We are deep into the lockdown now and thoughts are turning to what the world will be like when this is over. This is the perfect time to start thinking about the life you want to build for the future.
Having more spare time may have given you a new perspective. Perhaps you now want to spend time in the countryside after years in the city. Maybe you want to live somewhere warm with a garden and swimming pool, in case there’s another lockdown.
However you want to live, if you start planning now you will be well-prepared for what is to come. Make the most of the extra time you have on your hands and start researching. Think about the places you would like to live, and how you can make it a reality.
Once things start returning to normal and travel restrictions are lifted, there will be a whole new group of people looking to move overseas. They will hear about the bargains on offer, and the dangers of the U.S. currency advantage coming to an end. By planning now, you can get ahead of the curve and make sure you are ready to buy and get maximum value on your investment.
When Will Real Estate Go On Sale?
In some countries it’s already on sale. The strong dollar means that Europe and parts of South America are now more affordable than ever for U.S. buyers.

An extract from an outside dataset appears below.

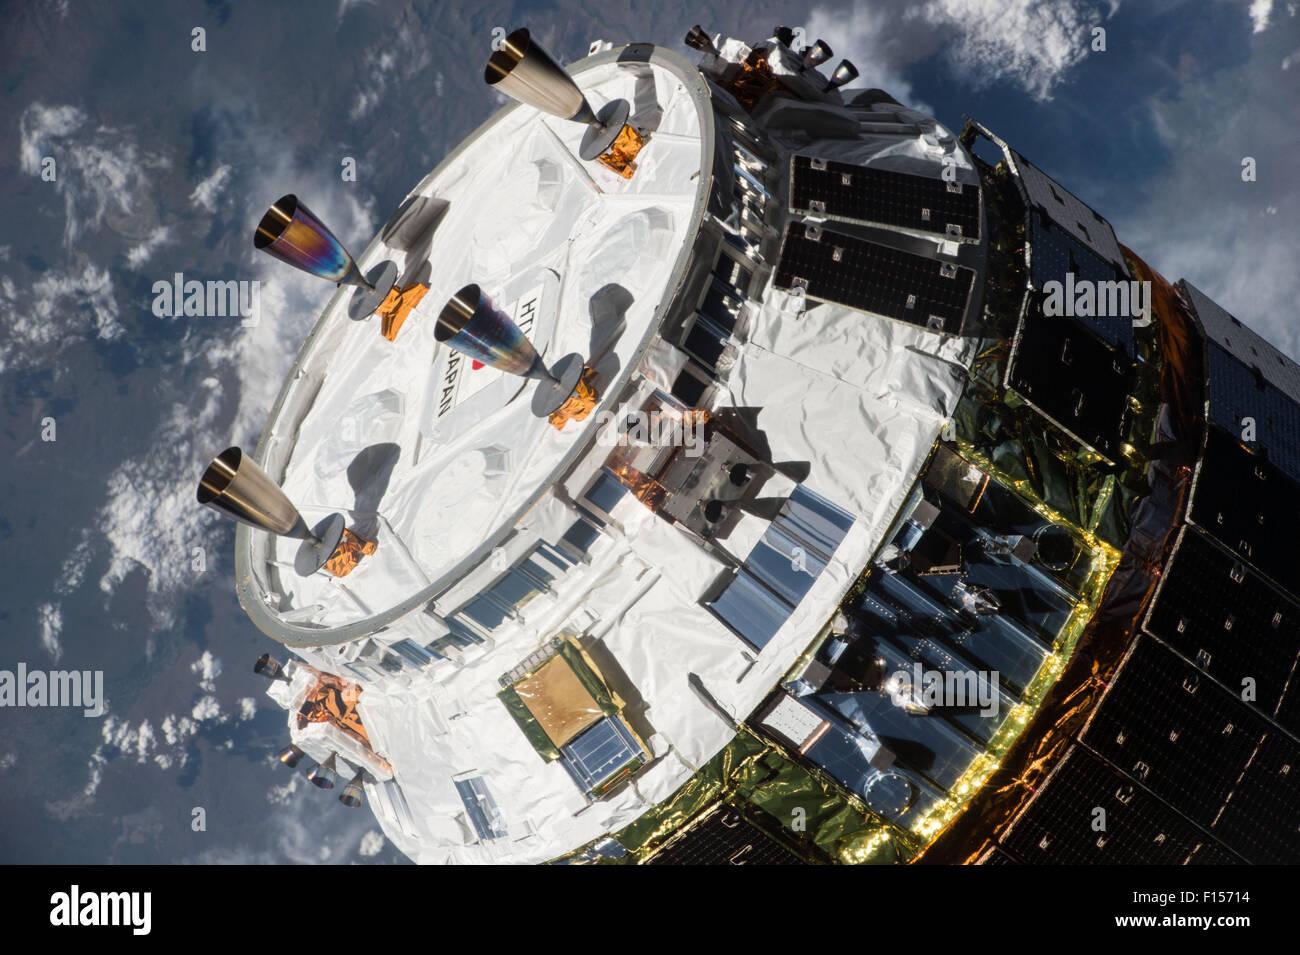 L'Agence japonaise d'exploration aérospatiale Kounotori 5 H-II Transfer Vehicle vaisseaux cargo s'approche Photo Stock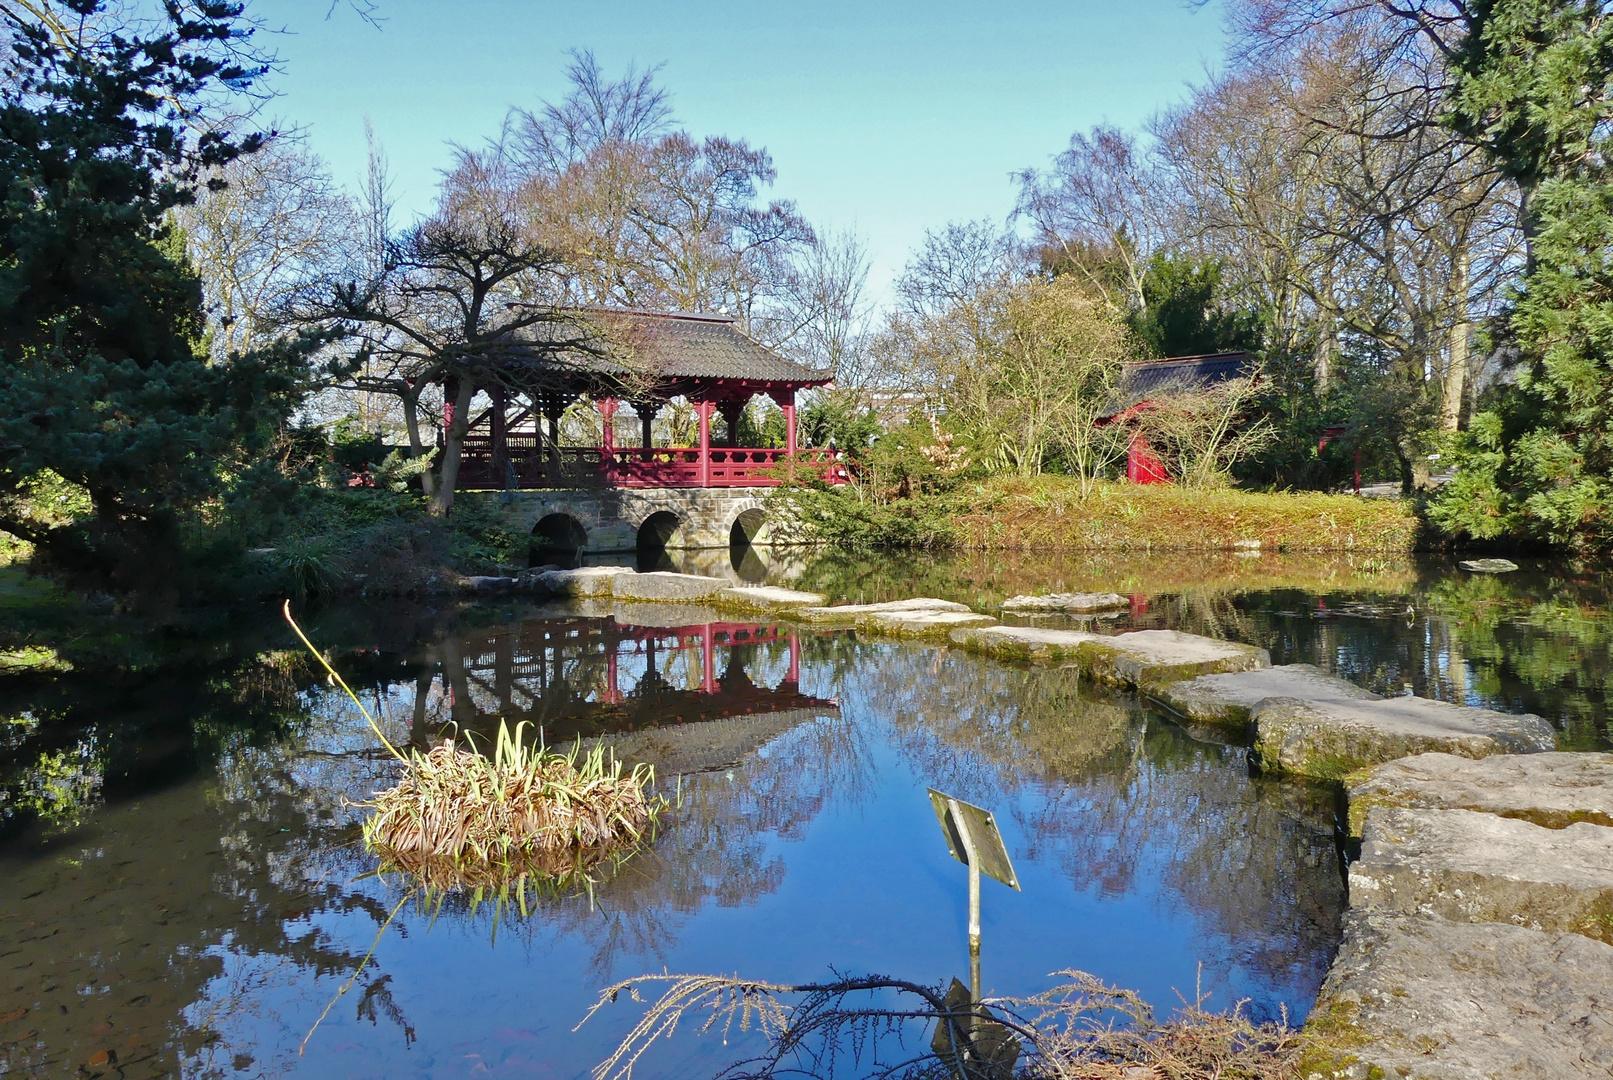 Leverkusen Heute Morgen Im Japanischen Garten Foto Bild World

There is also a chance that a bigger real estate crash could be on the horizon in parts of the world. Falling tourist numbers and the uncertain economic future could lead to lots of people looking to sell real estate at the same time. This would cause prices to fall sharply.
It’s not certain that this event will come, or how severe it will be. But if you are considering buying real estate overseas, planning now could enable you to save a lot of money in future.
The Importance Of Being Diversified
Stock market could be about to fall too. Talks of another trade with China have started resurfacing. This could sends stocks into freefall.
Over the past month or so, we’ve had a recovery rally, so if you invested a while back, now could be a good time to take your profits.
Regardless of what happens with China the prospects for stocks don’t look great. Unemployment rates continue to rise, with estimates predicting the numbers will reach heights not seen since the great depression.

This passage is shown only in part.